The death penalty—also known as capital punishment—refers to the process of state and federal courts sentencing persons convicted of the most serious criminal offenses (capital offenses or capital crimes) to death. The specific crimes and circumstances for which the death penalty is a potential punishment (usually murder) are defined by state and federal statutes enacted by state legislatures and the United States Congress, respectively.

These death penalty or capital punishment statutes are often located in the penal or criminal code, and often in the same statute that defines a criminal offense such as murder. Twenty-two states and the District of Columbia do not have the death penalty as a potential punishment for any criminal offense.

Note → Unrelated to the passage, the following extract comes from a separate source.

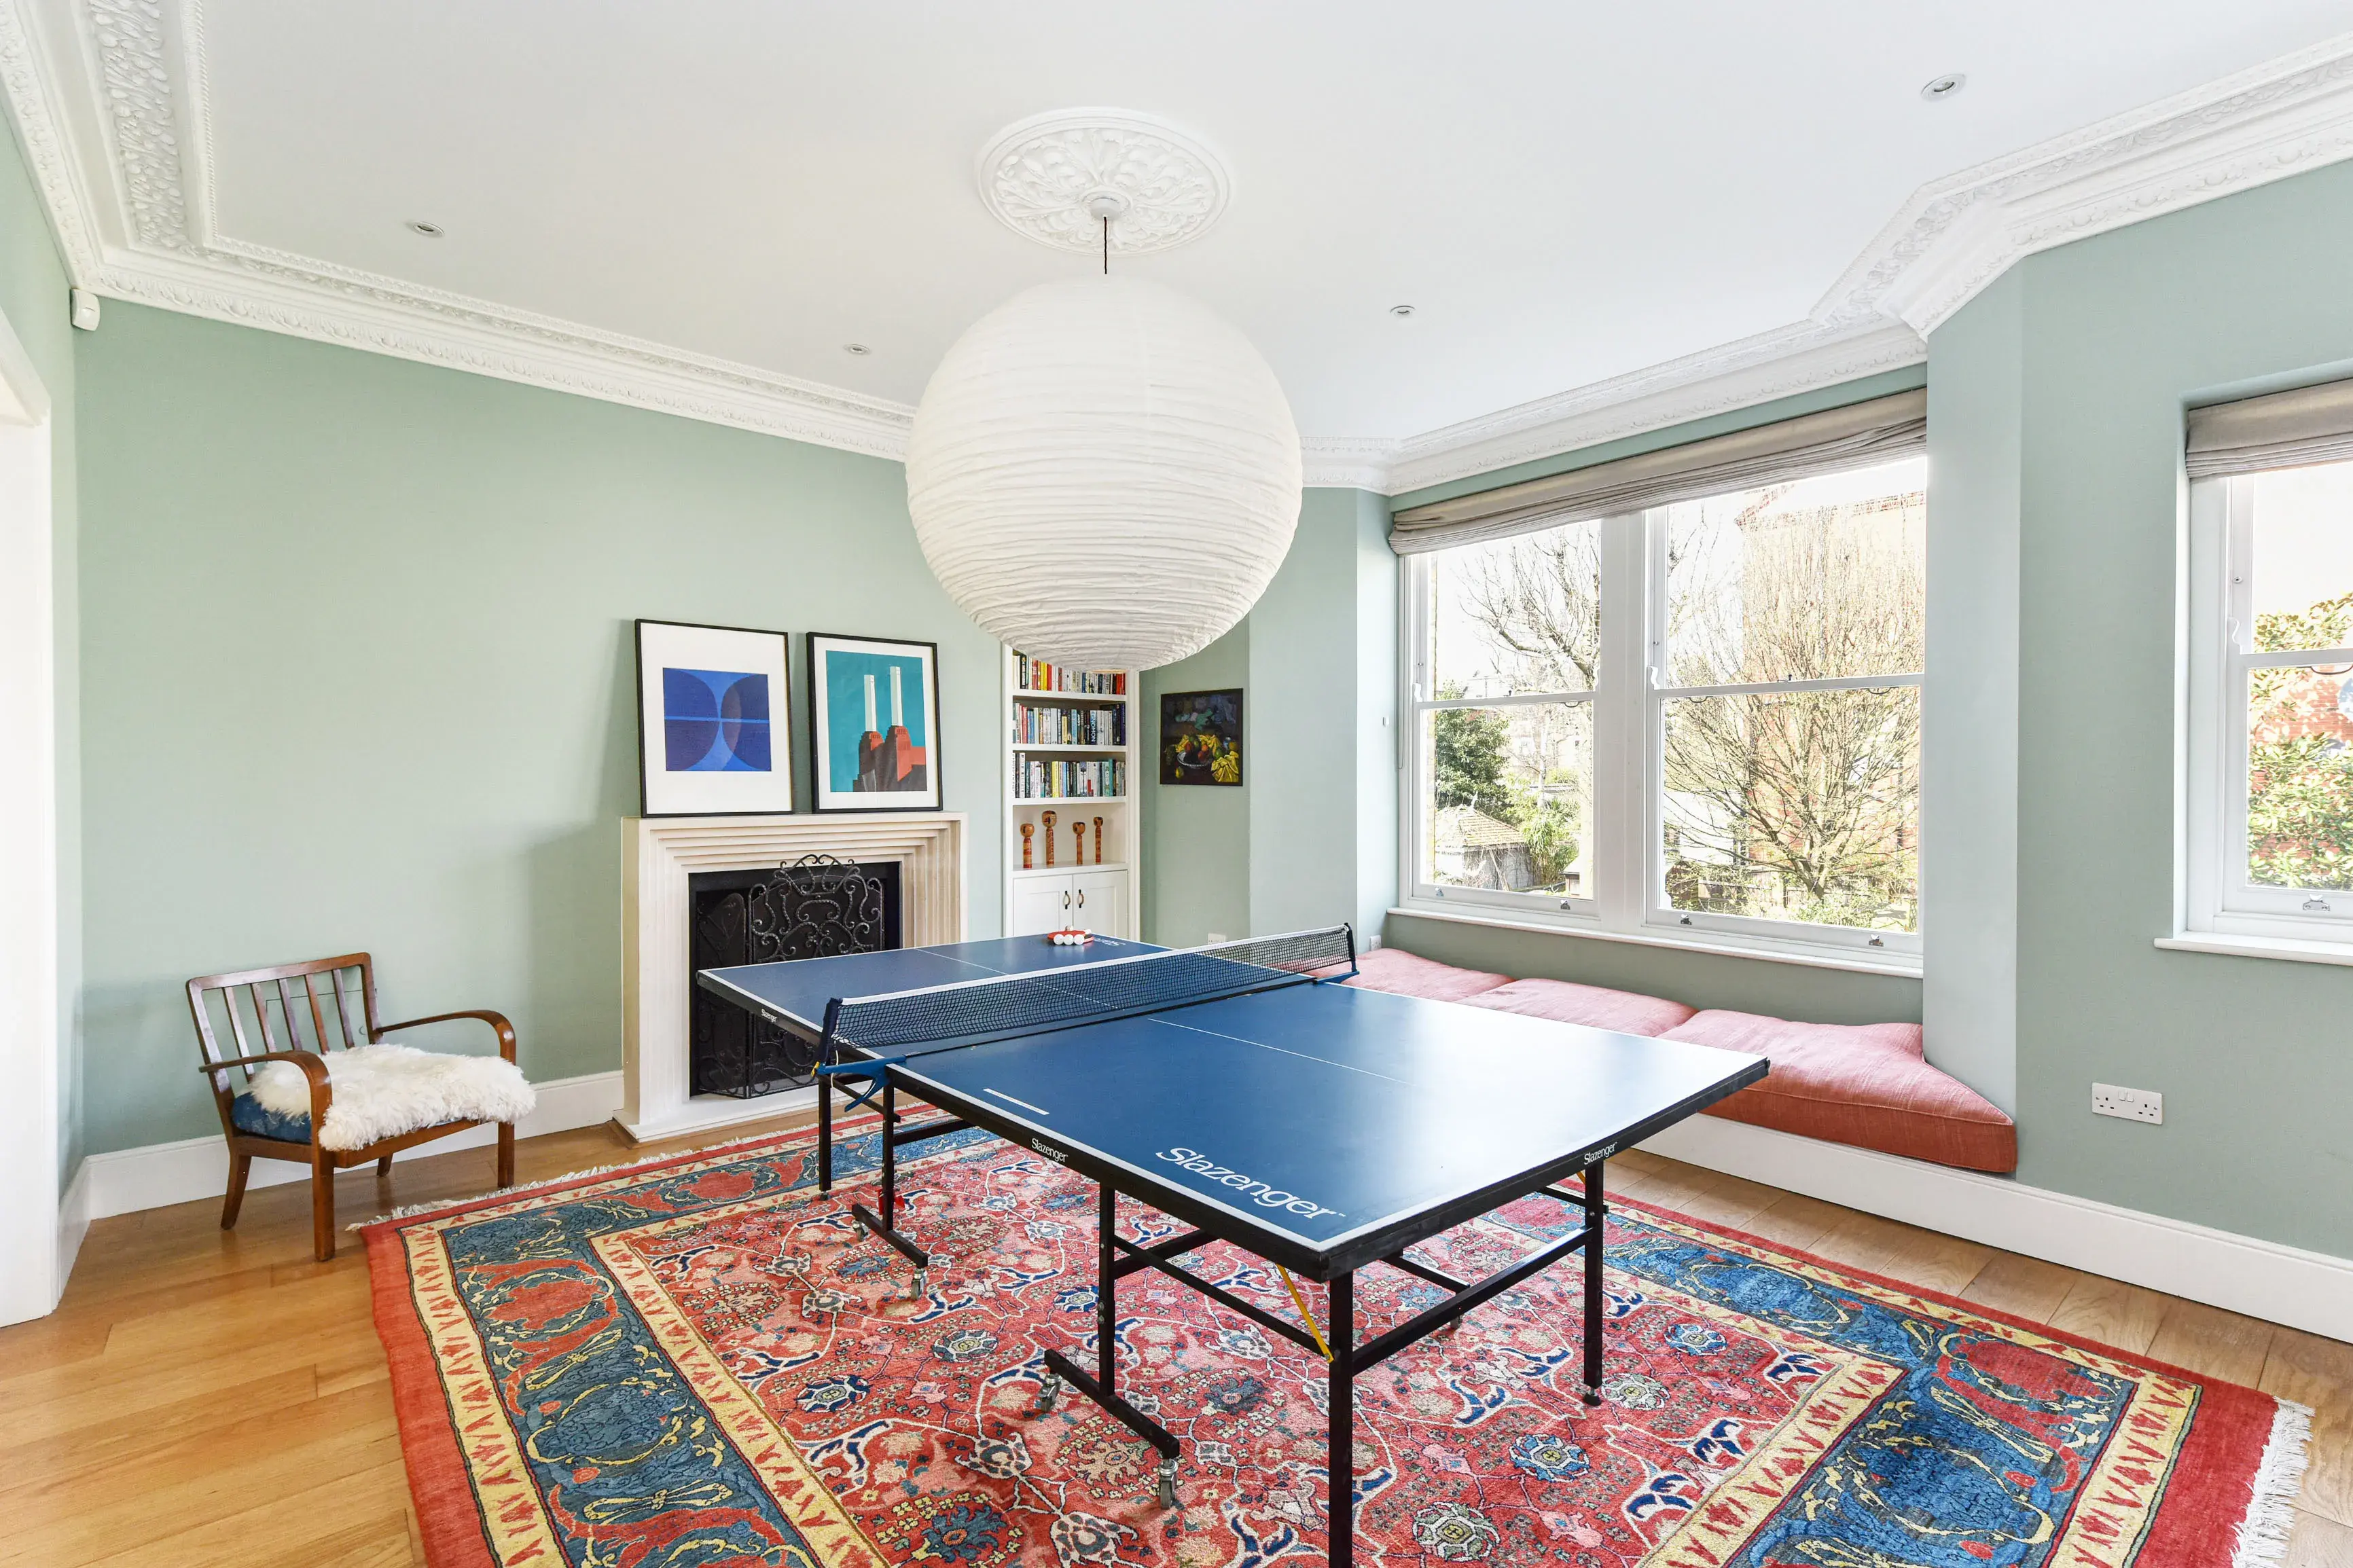 Brondesbury Road, holiday home in Hampstead, London

In Texas, the death penalty is a legal form of punishment for certain capital offenses, primarily for cases involving murder under specific circumstances. The Texas Penal Code outlines the criteria for what constitutes a capital offense, such as murders that are premeditated and involve aggravating factors, including but not limited to the murder of a public safety officer or firefighter, murder during the commission of certain felonies, or murder for hire. Texas has one of the most active death penalty systems in the United States and carries out capital punishment through lethal injection. The state's procedures and laws regarding the death penalty are subject to both state statutes and federal constitutional standards, which require due process and equal protection under the law. Despite the ongoing national debate over the morality and efficacy of the death penalty, it remains a legal sentencing option in Texas for those convicted of the most serious crimes.